Yup. I dont like to introduce any metal since there is always a risk of finding it. But I would like to find some thin hardwood dowels, like maybe 1/8"? My new Trend M&T jig does dowels.

Mike

John Tallyn
04-20-2011, 11:24 AM
Lee Valley sells 1/8" birch dowel rods.

Mike OMelia
04-20-2011, 12:06 PM
Thanks for the dowel source.

BTW, Its not just that the end product is slightly off... its just the whole process of trying to get the glue to tack up and hold without slipping. Locator pins will make the process quicker and more efficient.

Mike

Howard Acheson
04-20-2011, 3:43 PM
Here are a couple of old time tricks used by many woodworkers.

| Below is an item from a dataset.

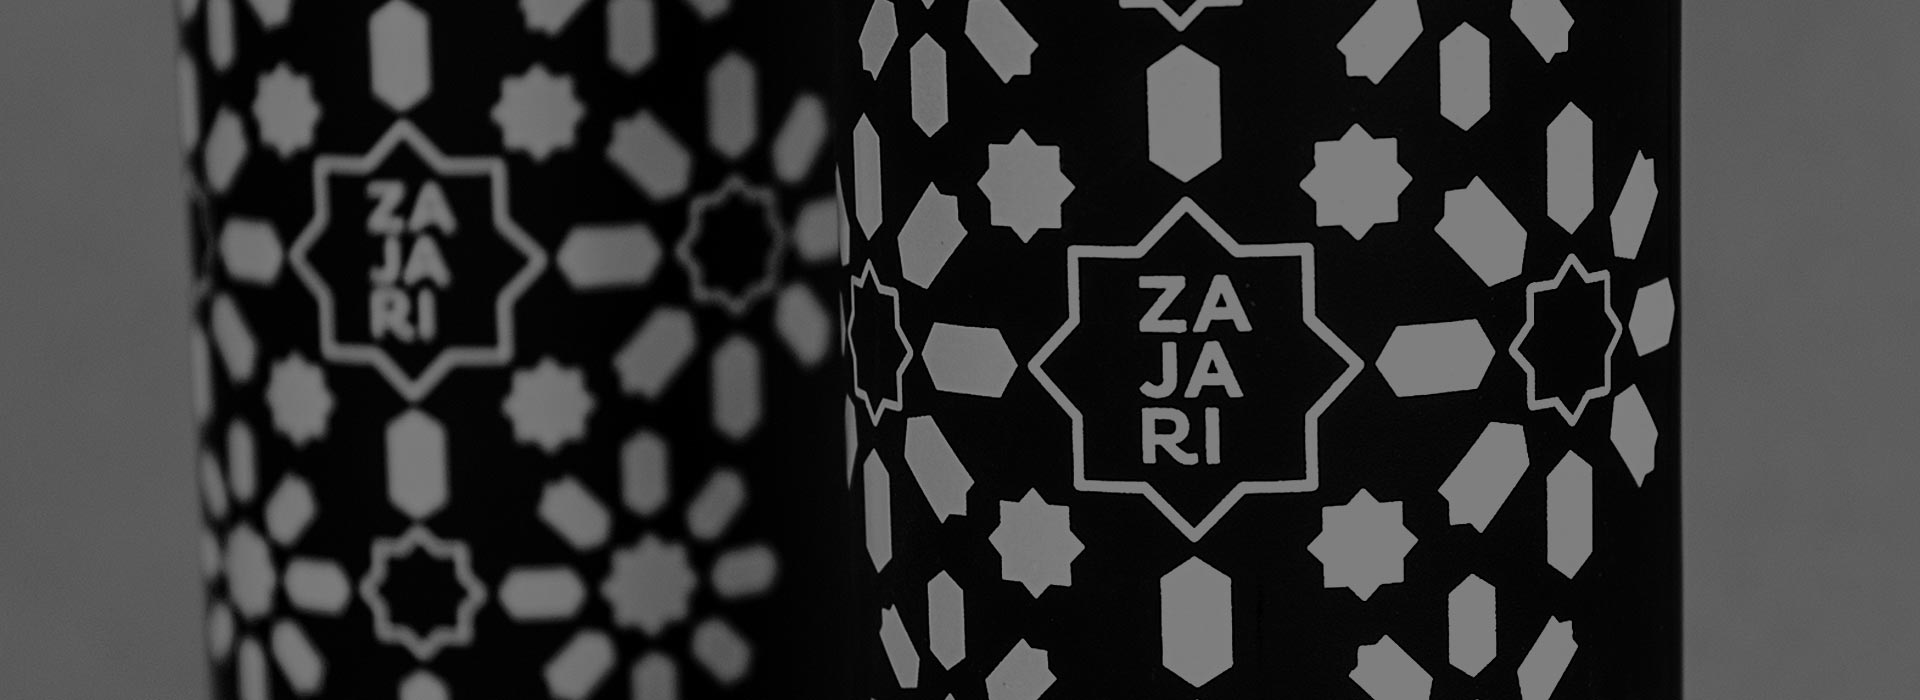 Diseño Identidad corporativa Aceite de oliva virgen extra Zajari
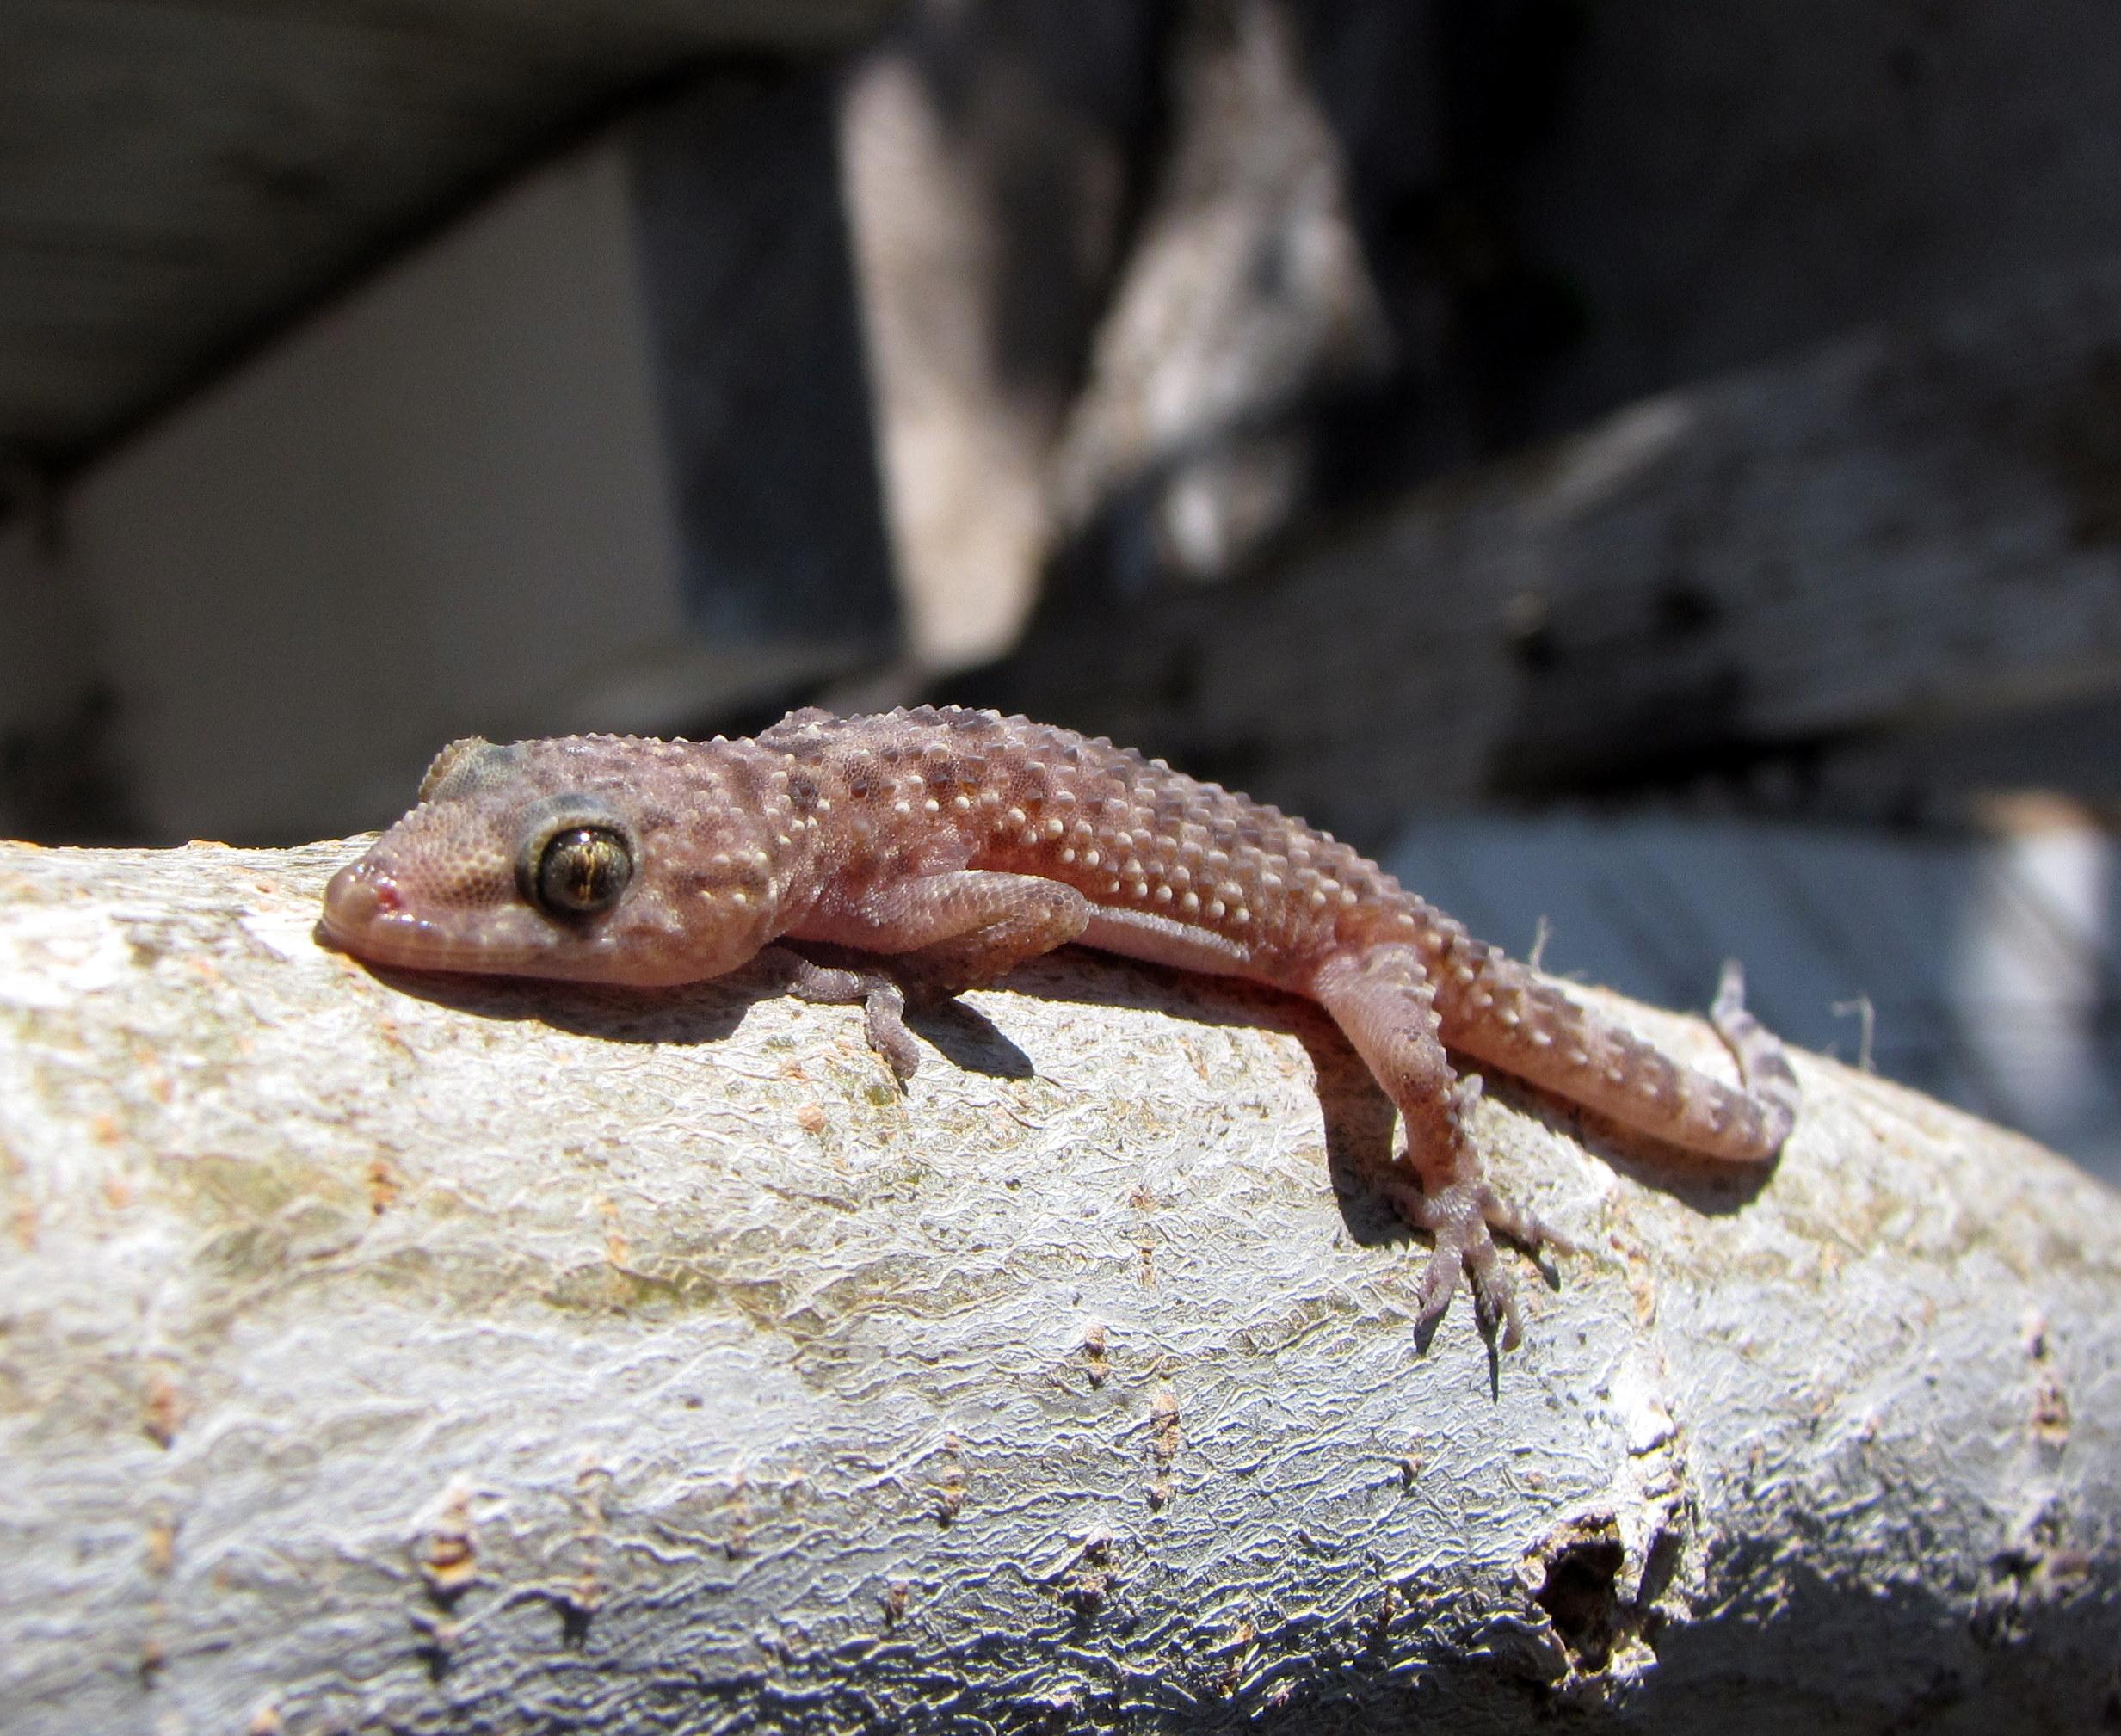 Mediterranean Gecko (Hemidactylus turcicus)

The easiest thing to do is to drive in a wire brad about 1/4" and then nip it off with a pliers cutter. This will create a raised point about a 1/32" above the surface. When you put another piece of wood on top, the nib will go into the other piece slightly and prevent the pieces from moving as you apply clamp pressure. All you need is two brads to completely immobilize the pieces. Put them where you won't run into them with your tooling.

Another trick is to sprinkle a few grains of sand on top of the surface that you have applied the glue to. As you apply clamp pressure the granules will dig into the two surfaces and prevent the two from wiggling around as you apply clamping pressure.

Chip Lindley
04-20-2011, 4:24 PM
Yup. I dont like to introduce any metal since there is always a risk of finding it...

Mike

Elaborating on the hidden brad fix, one can use brass escutcheon pins with the heads clipped off and not worry later, should some cutter slice through. For thick legs, the brass brads will never be touched.

Mike OMelia
04-20-2011, 5:38 PM
Are you saying a jointer or a planer will not experience blade nicks if they come into contact with those pins?